Portfolio Management Systems:

  • Paper Portfolio Tracking: Position entry/exit, P&L calculation, performance attribution
  • Risk Monitoring: NAV allocation limits, stop-loss triggers, correlation analysis
  • Performance Analytics: Monthly conviction score accuracy, strategy effectiveness by market regime, quality gate effectiveness

Paper Portfolio Implementation

Portfolio Structure

Target allocation across conviction levels:

Conviction Level Target # Positions Max Allocation Strategy Type
Conviction 5 2-3 positions 3% NAV total Call Options
Conviction 4 3-4 positions 6% NAV total Call Spreads
Conviction 3 4-5 positions 20% NAV total Equity + Overlays
Conviction 2 2-3 positions 6% NAV total Small Equity
Cash/Waiting - 65% NAV Money Market

Total Risk Capital: 35% NAV maximum deployed across all conviction levels

Monthly Review Process

Performance Tracking:

  • Individual position P&L vs conviction score
  • Strategy effectiveness by conviction level
  • Regime detection accuracy (macro vs micro calls)
  • AI durability assessment accuracy vs business outcomes

Framework Refinement:

  • Adjust conviction scoring weights based on prediction accuracy
  • Refine purchase strategy allocation based on risk-adjusted returns
  • Update regime detection criteria based on market evolution

Expected Outcomes and Success Metrics

12-Month Performance Targets

Primary Metrics:

  • Overall Returns: 15-25% annual returns with <15% volatility
  • Conviction Accuracy: Conviction 4-5 positions outperform 70%+ of the time
  • Risk Management: No individual position loses >50% of allocation
  • Capital Efficiency: Options strategies achieve 2x+ returns vs equity-only approach

Learning Objectives:

  • Validate AI regime detection accuracy across different market cycles
  • Refine conviction scoring methodology based on real outcomes
  • Optimize purchase strategy selection for different market environments
  • Build systematic process that can scale to larger capital allocations

Implementation Timeline

Phase 1: Framework Setup (Weeks 1-2)

  • Configure AI research queries for regime detection and company analysis
  • Set up paper portfolio tracking system with P&L calculation
  • Establish data feeds for fundamental metrics and options pricing

Phase 2: Initial Screening (Weeks 3-4)

  • Run Buffett fundamentals screen across investable universe
  • Conduct AI durability assessments on 20-25 candidates
  • Calculate initial conviction scores and build candidate pipeline

Phase 3: Position Implementation (Weeks 5-8)

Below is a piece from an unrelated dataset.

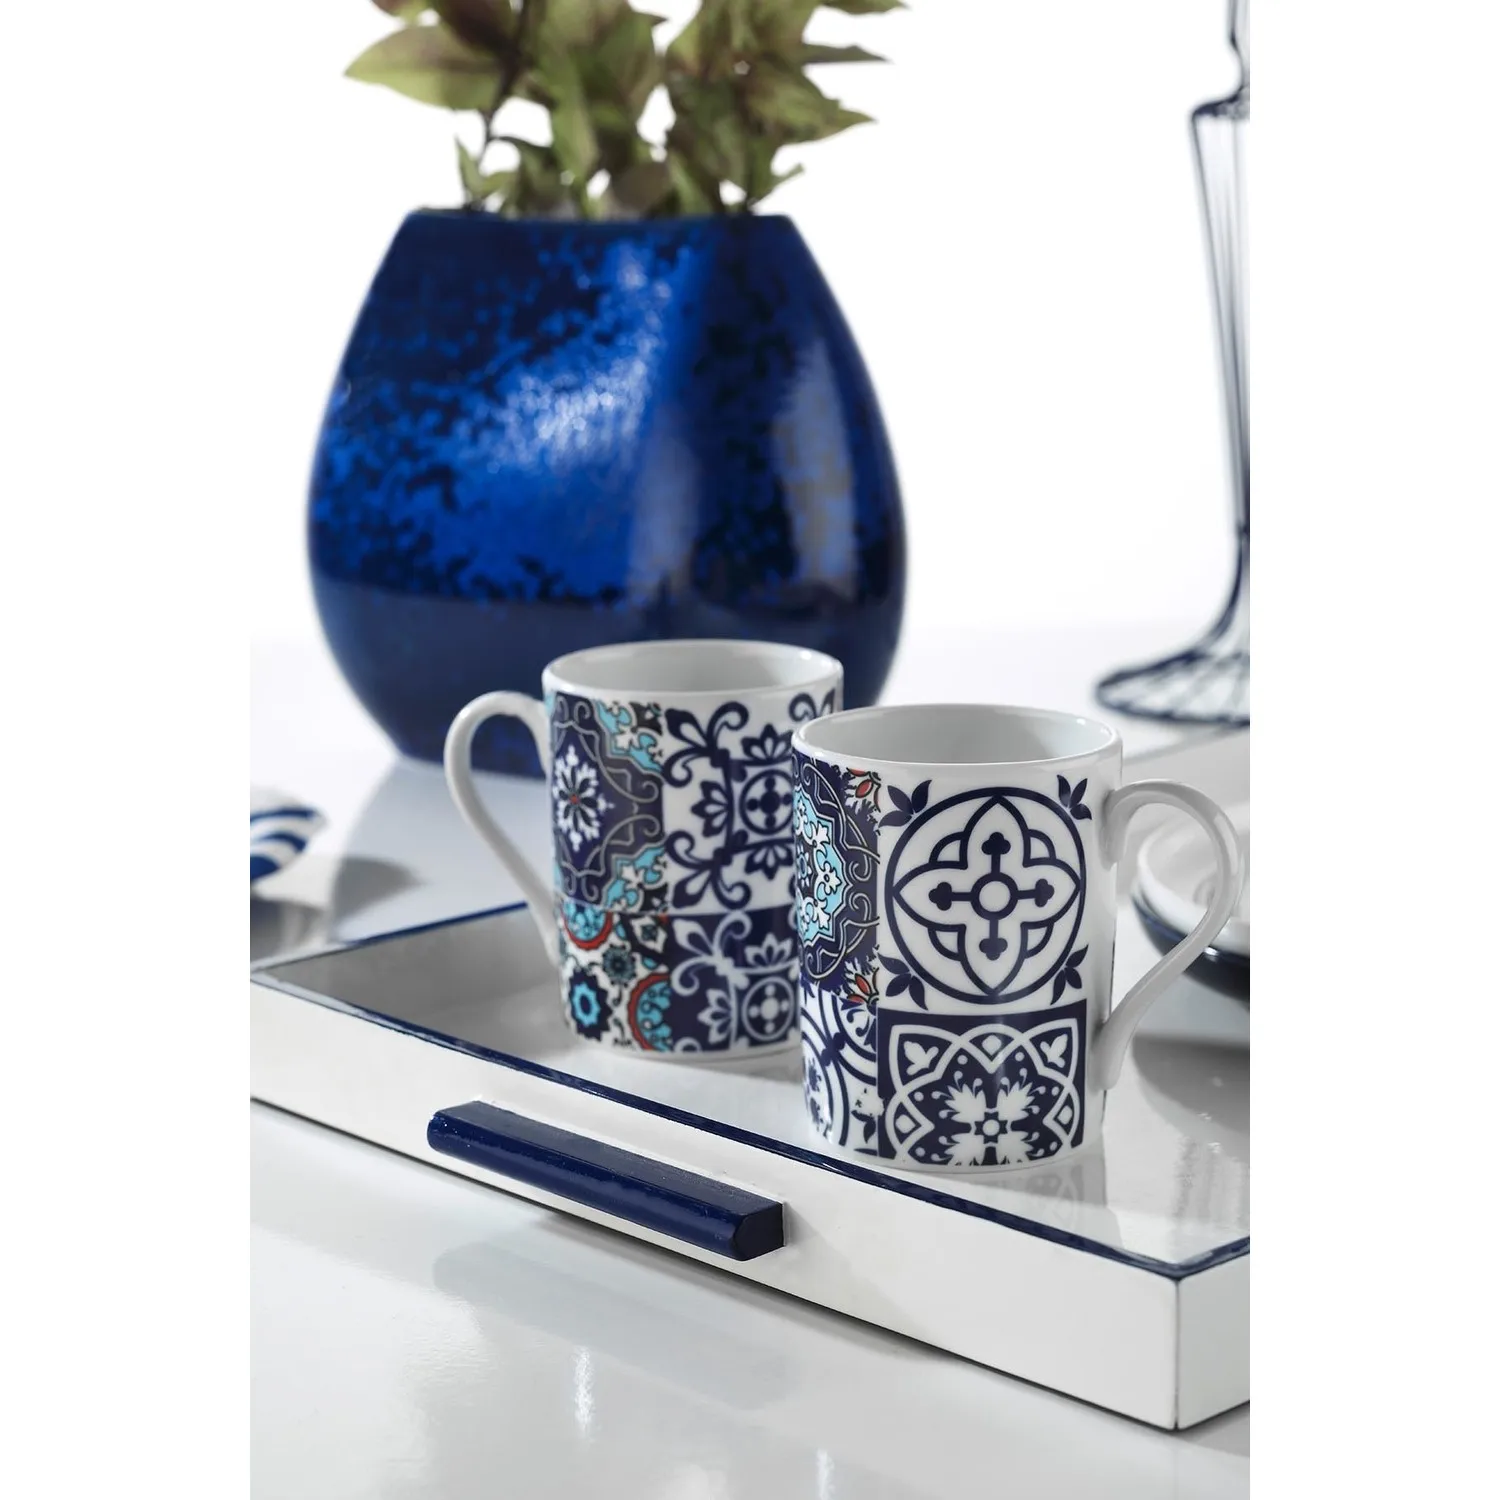 

Set of 2 Kutahya Has Porcelain Mug Glasses 9429 Anatolian red sky blue and white color patterned stylish design mug set beverage

  • Begin paper portfolio entries based on conviction levels
  • Execute purchase strategies matching framework guidelines
  • Establish monitoring and review processes

Phase 4: Performance Validation (Months 3-6)

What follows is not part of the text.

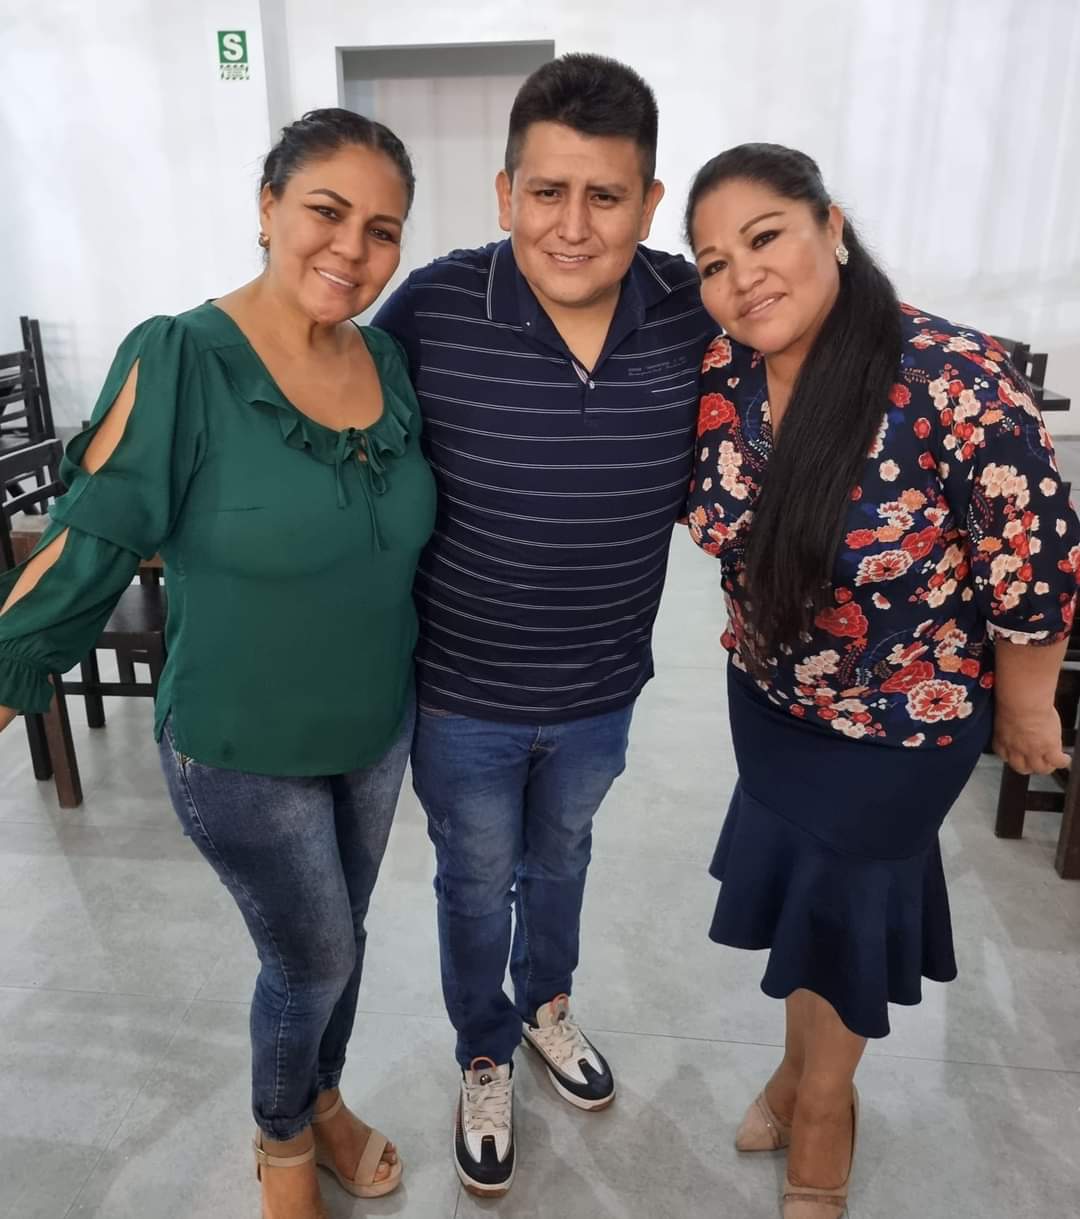 Delincuentes extorsionan a promotor de eventos en Trujillo

  • Track framework accuracy vs actual market outcomes
  • Refine conviction scoring based on performance attribution
  • Optimize position sizing and purchase strategy selection

Conclusion

The simplified decision framework provides a systematic, measurable approach to value investing in the post-AI world. By combining multi-AI regime detection with structured conviction scoring and options-based execution, the framework transforms subjective investment decisions into a repeatable process with trackable performance outcomes.

Key Advantages:

  • Simplicity: Three clear steps eliminate decision paralysis and emotional trading
  • Measurability: Paper portfolio generates real P&L data for continuous improvement
  • Adaptability: AI-enhanced scoring accounts for disruption while maintaining value principles
  • Scalability: Systematic approach can grow with larger capital allocations

The framework's strength lies not in perfect prediction, but in consistent application of sound principles enhanced by AI insights. Success depends on disciplined execution and continuous refinement based on actual market outcomes.

Next Steps: Launch paper portfolio implementation by October 1st, 2025, with first performance review scheduled for December 31st, 2025.

This framework represents a practical evolution of value investing principles for an AI-transformed investment landscape, emphasizing measurable outcomes over theoretical sophistication.